What about the connectors at the ends of the fluorescent tubes.  I'm thinking a broken wire or electrical contact in those connectors could cause (at least) one of the bulbs not to work.

I'd take the bulbs out and see if you can see the electrical contact in each connector.


----------



## Daffypuck (Sep 13, 2009)

If one of the tombstones were bad, would hat affect all the bulbs though??


----------



## kok328 (Sep 13, 2009)

Depending on how the fixture is wired internally, a bad connection at a tombstone could cause a total outage.  This differs from a bad tombstone.  The connections to tombstoner are stab in's and they sometimes come loose/out.

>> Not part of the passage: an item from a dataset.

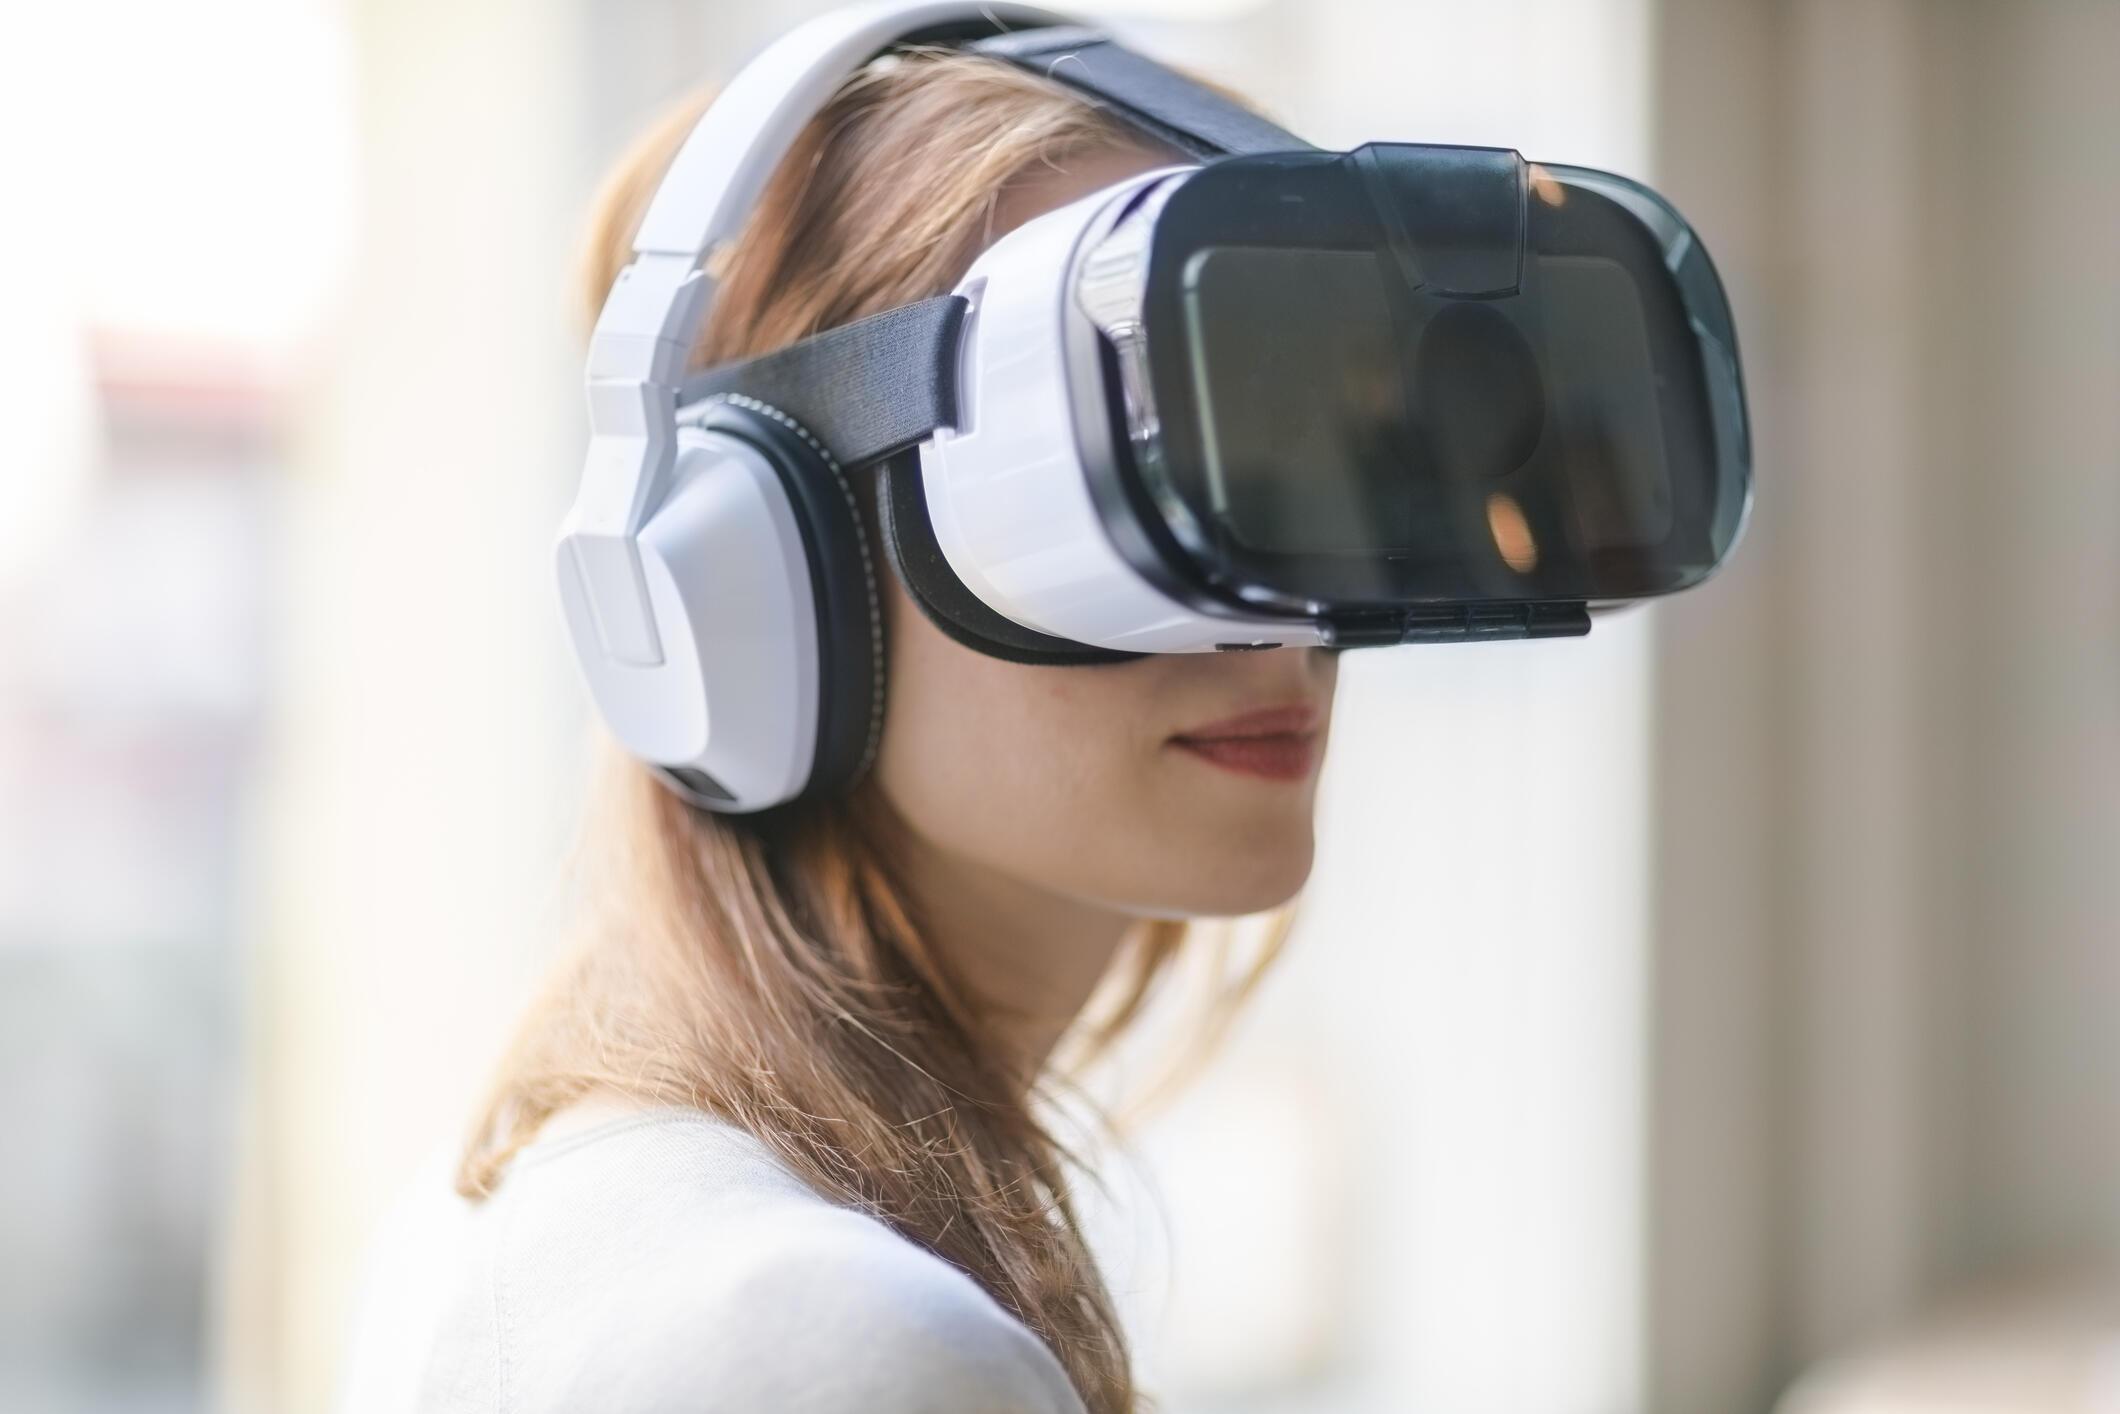 Pour utiliser le nouveau service Oksusu de l'opérateur SK Telecom, le client doit se coiffer d'un casque de réalité virtuelle (photo illustration).

I didn't know that Lowes would test a flourescent bulb, that's cool to know.
I am aware of a tester that you simply wand the bulb and it will test it that way but, that tool is several hundred dollars.


----------



## Daffypuck (Sep 13, 2009)

Naw, i havent taken them to Lowes yet, but thats my last resort. I just have to see if they will let me put em' in a fixture to check them.


----------



## JoeD (Sep 13, 2009)

How to repair fluorescent fixtures.
1. Change ALL the tubes.
2. If #1 doesn't do it then change the ballast.


----------



## locknut (Sep 14, 2009)

Daffypuck: There's nothing more frustrating than a fl. fixture that's doing what you describe.  These fixtures usually work in lamp pairs.  It's possible that two of the bulbs are bad.  You can try any two of the four in sequence to verify operation.  But it is worth buying two new lamps to try, assuming all other components are OK.


----------